◆ **Problem to solve**
Images excepted, the data below must be repeated exactly.

◆ **Dataset extract**

╭──

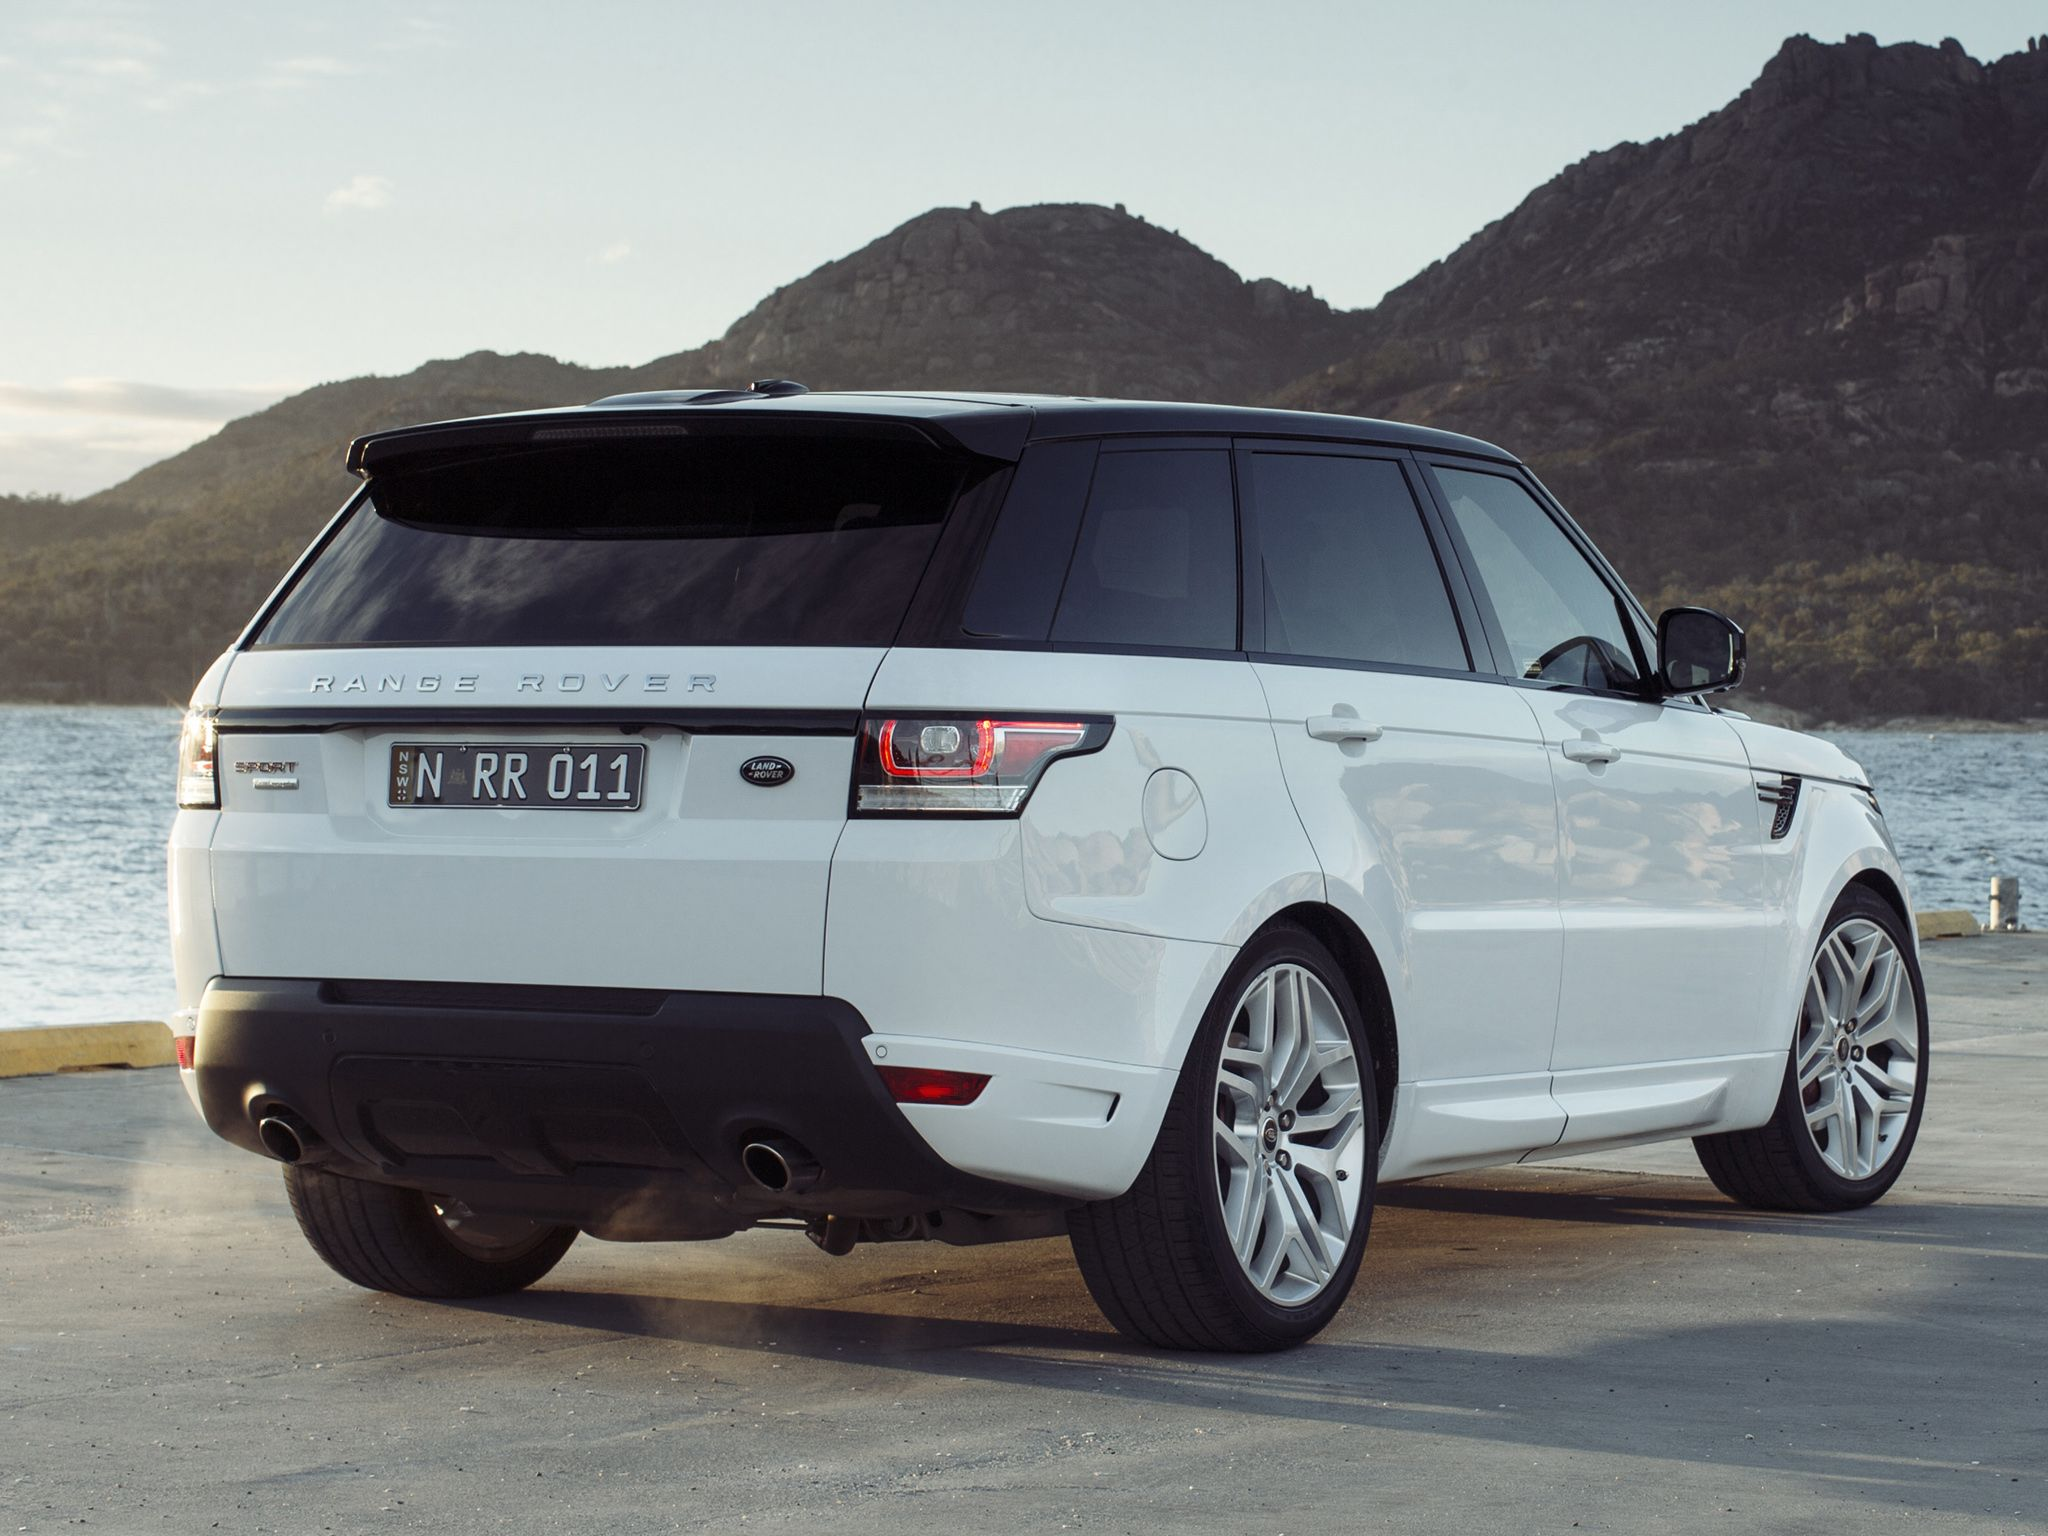 2014 Range Rover Sport Autobiography Black Range Rover Sport Range Rover Range Rover Sport Autobiography
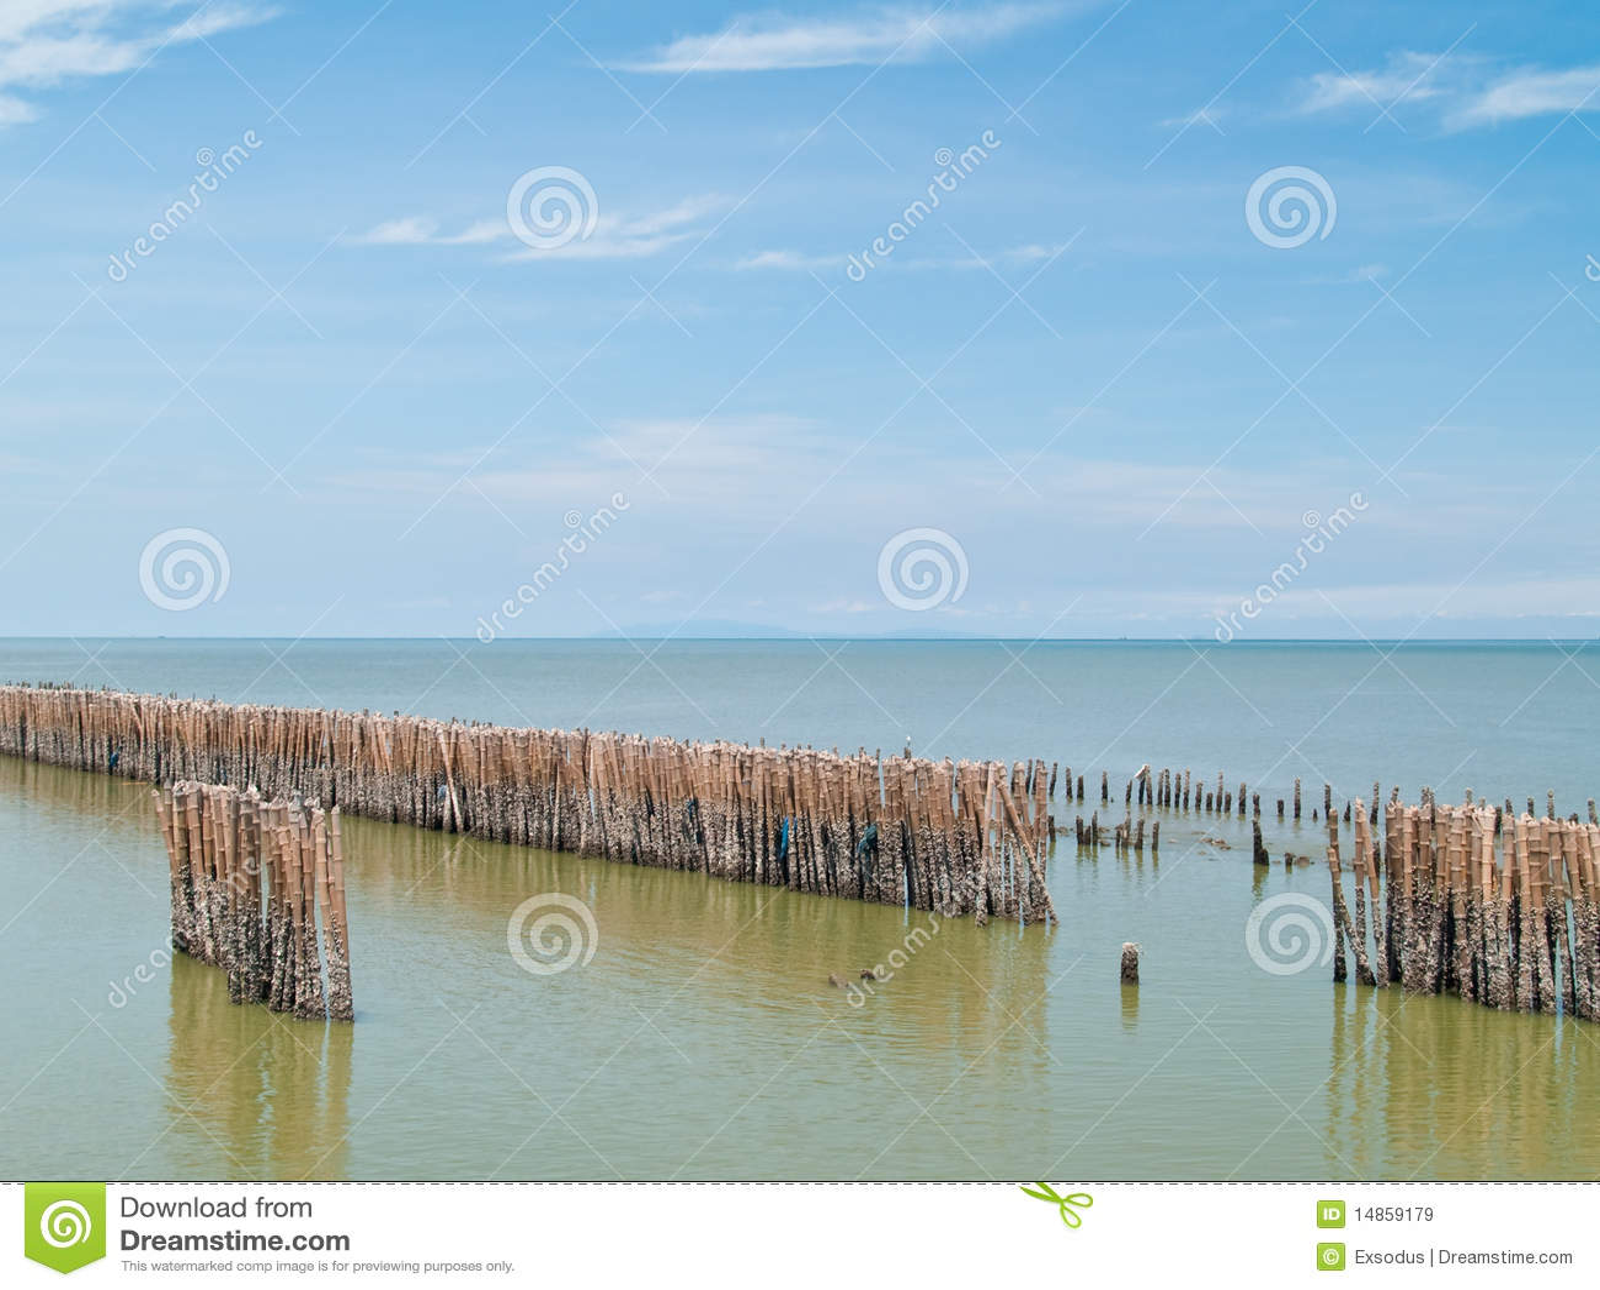 Fence bamboo row
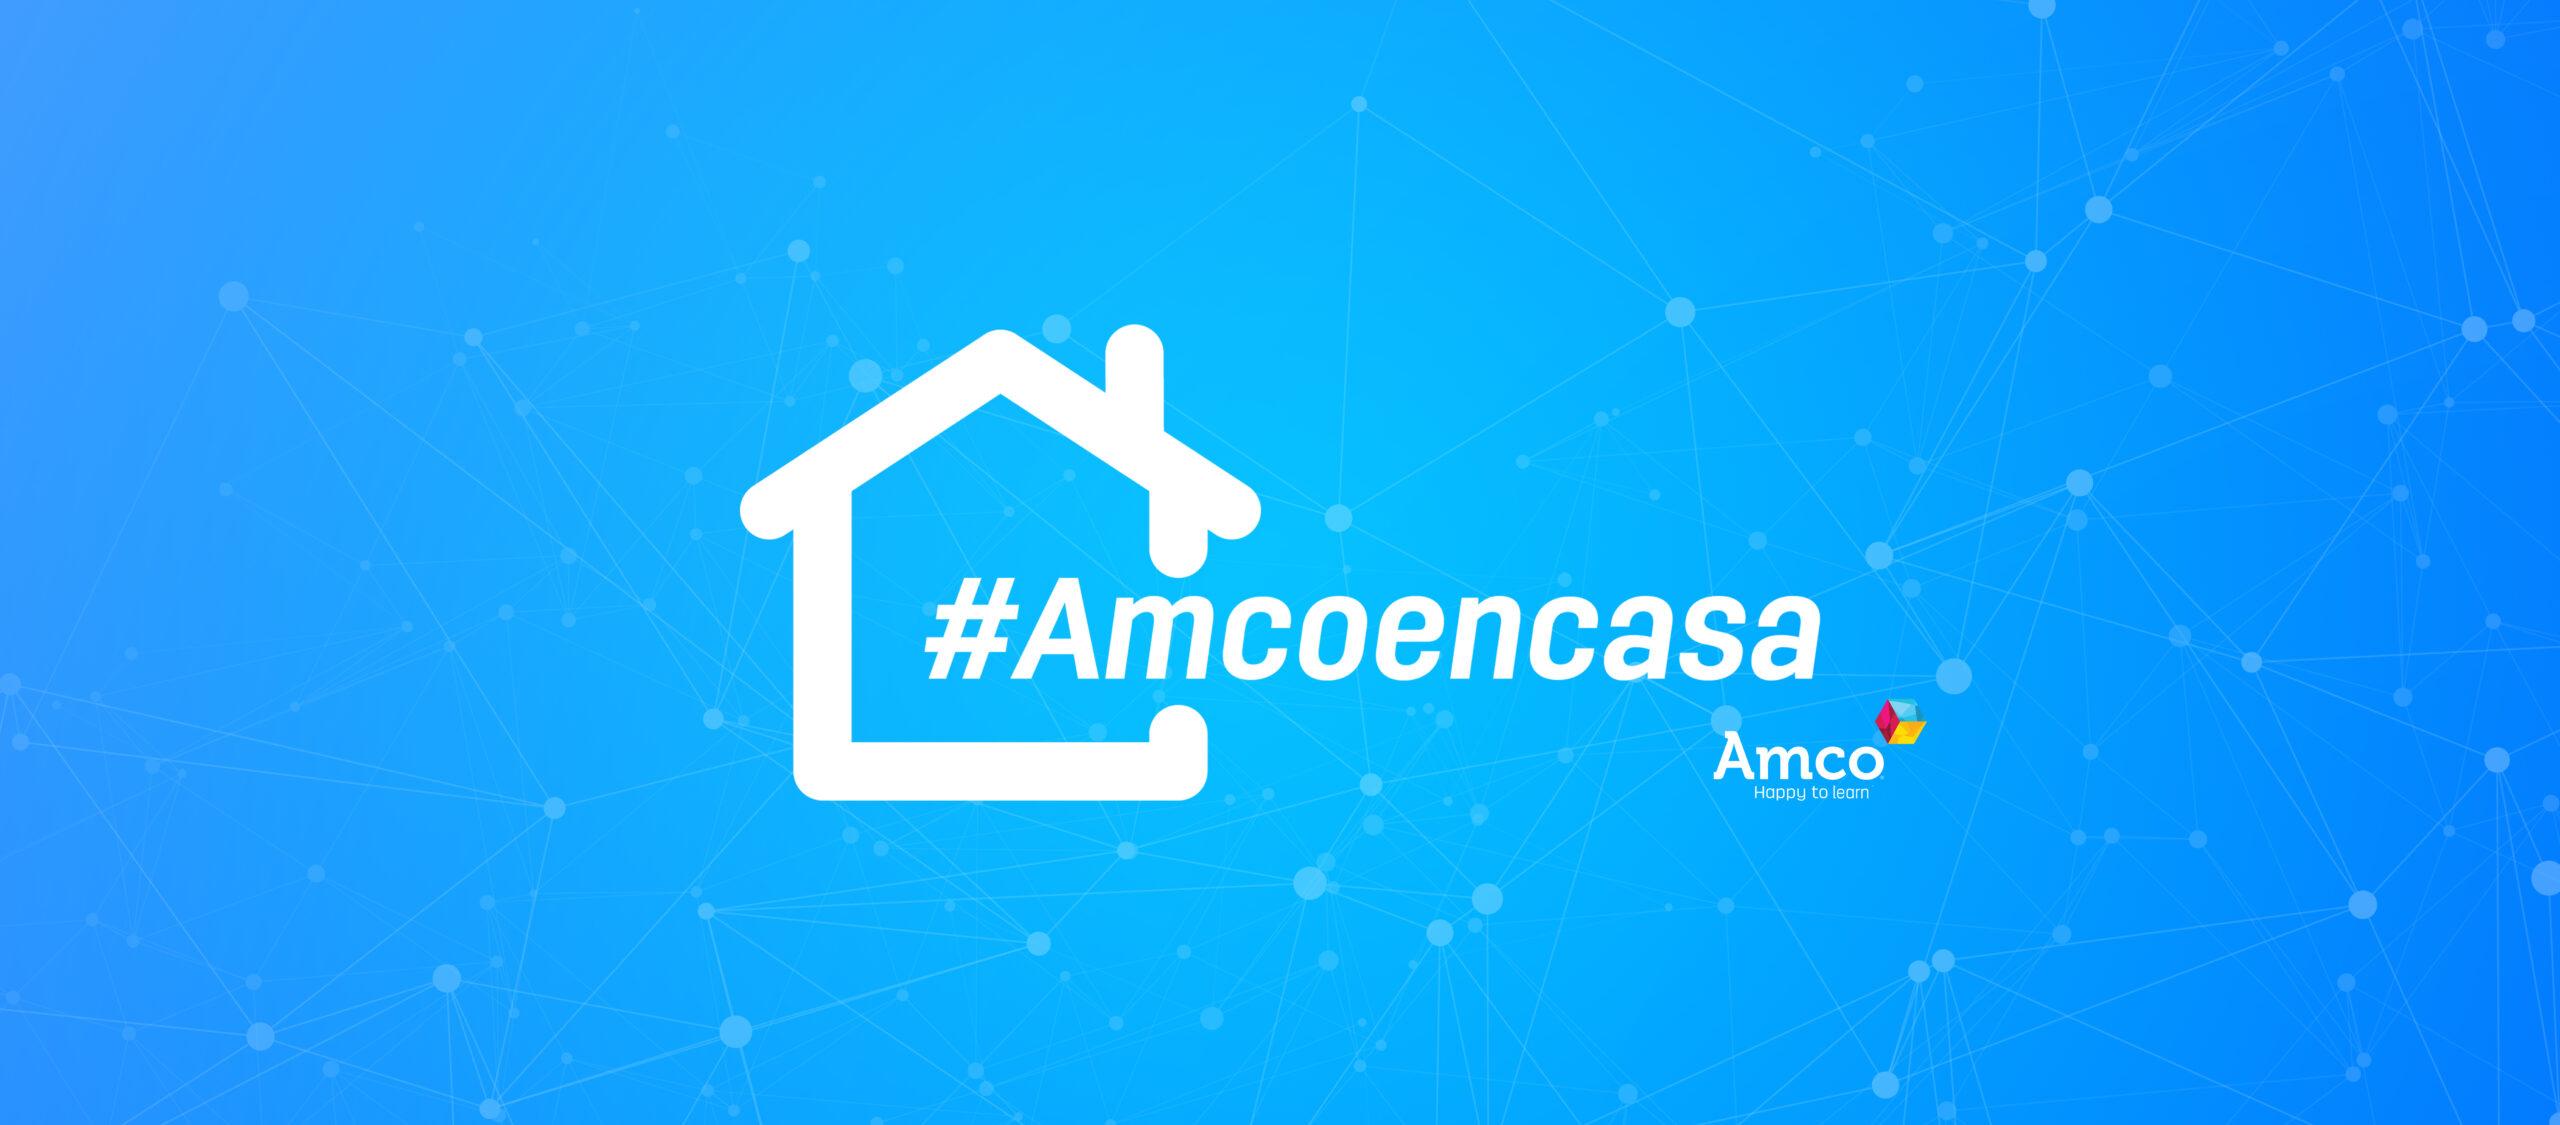 Amcoencasa

╰──

◆ **Response below**
 2014 Range Rover Sport Autobiography Black Range Rover Sport Range Rover Range Rover Sport Autobiography
 Fence bamboo row
 Amcoencasa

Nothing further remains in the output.